§ Data section

╔══

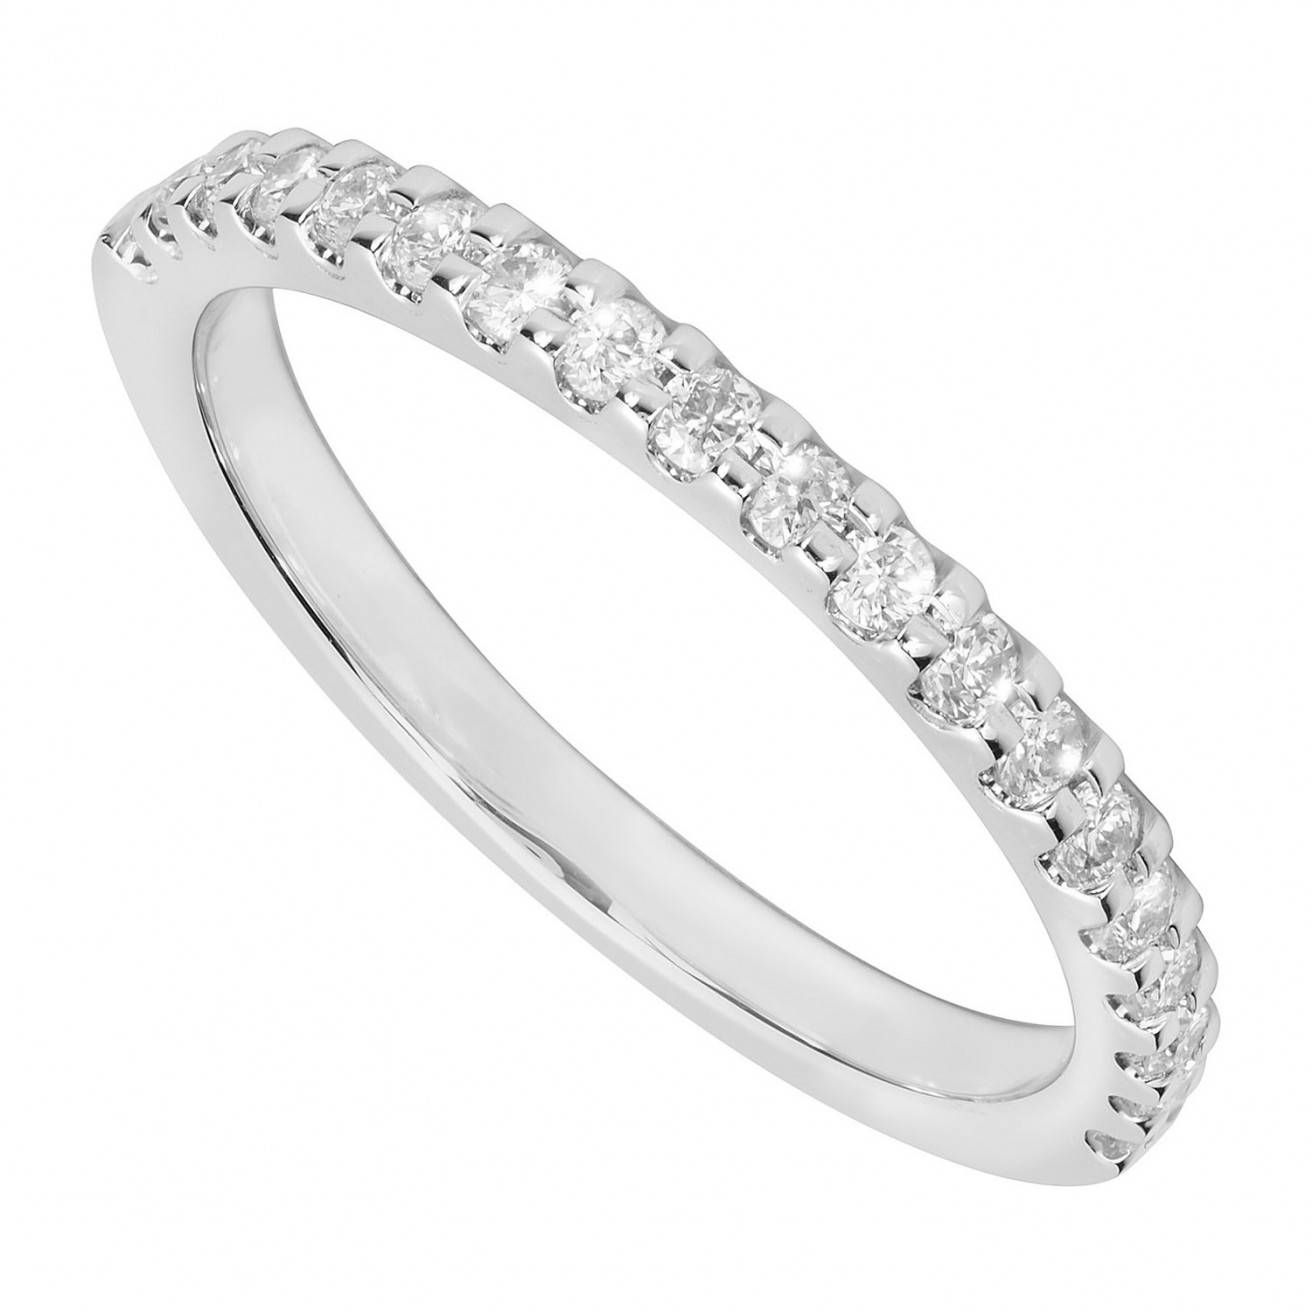 Buy Platinum Wedding Bands Online – Fraser Hart Intended For Diamond Platinum Wedding Rings (View 2 of 15)
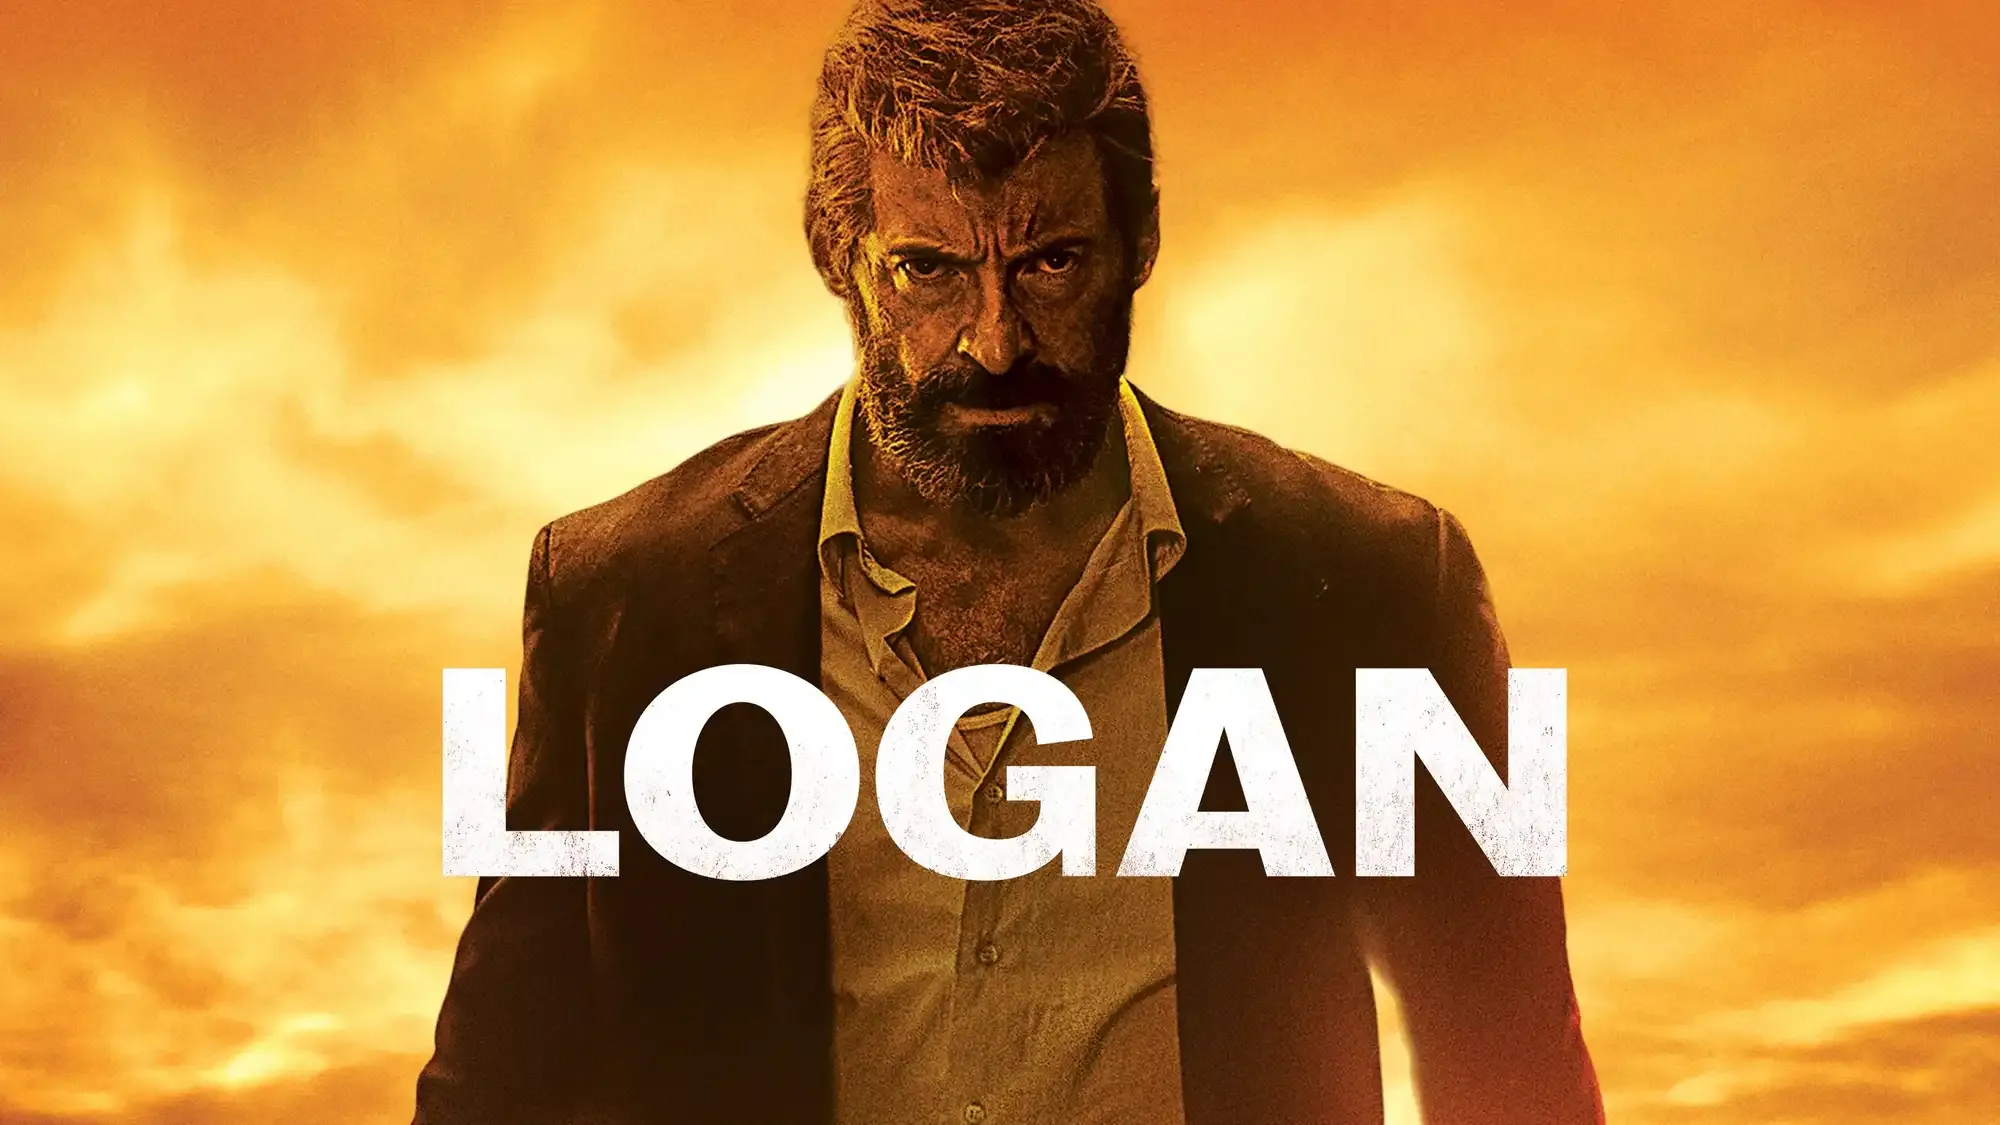 Logan movie review
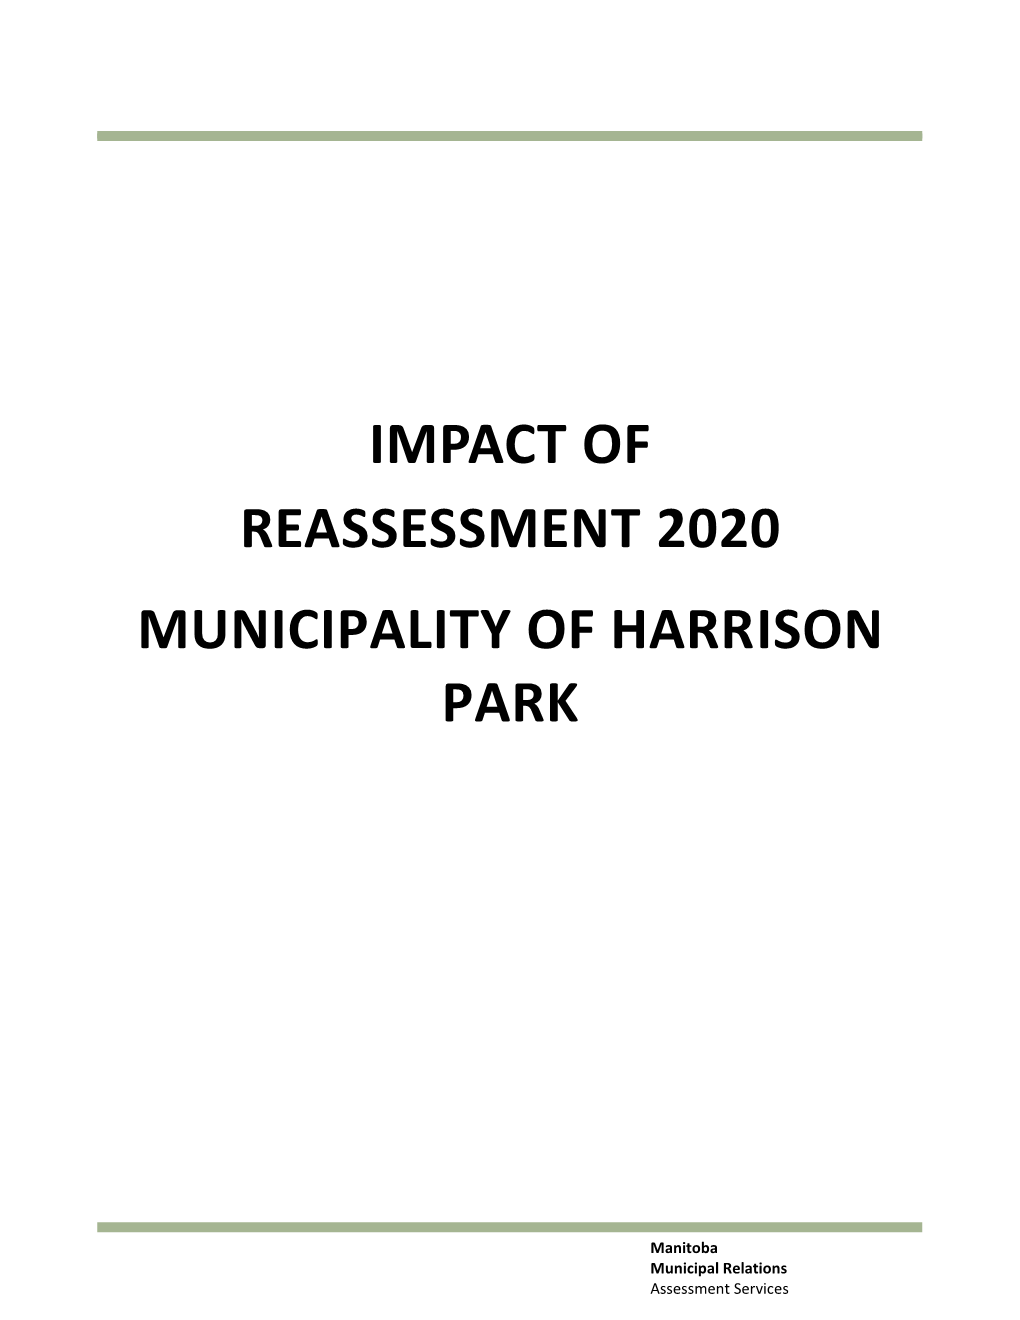 Impact of Reassessment 2020 Municipality of Harrison Park

╚══

Retype the lines starting with the one that holds "Logan movie review" and ending with the last line of the data above, both included; skip the pictures.

 Logan movie review
 Impact of Reassessment 2020 Municipality of Harrison Park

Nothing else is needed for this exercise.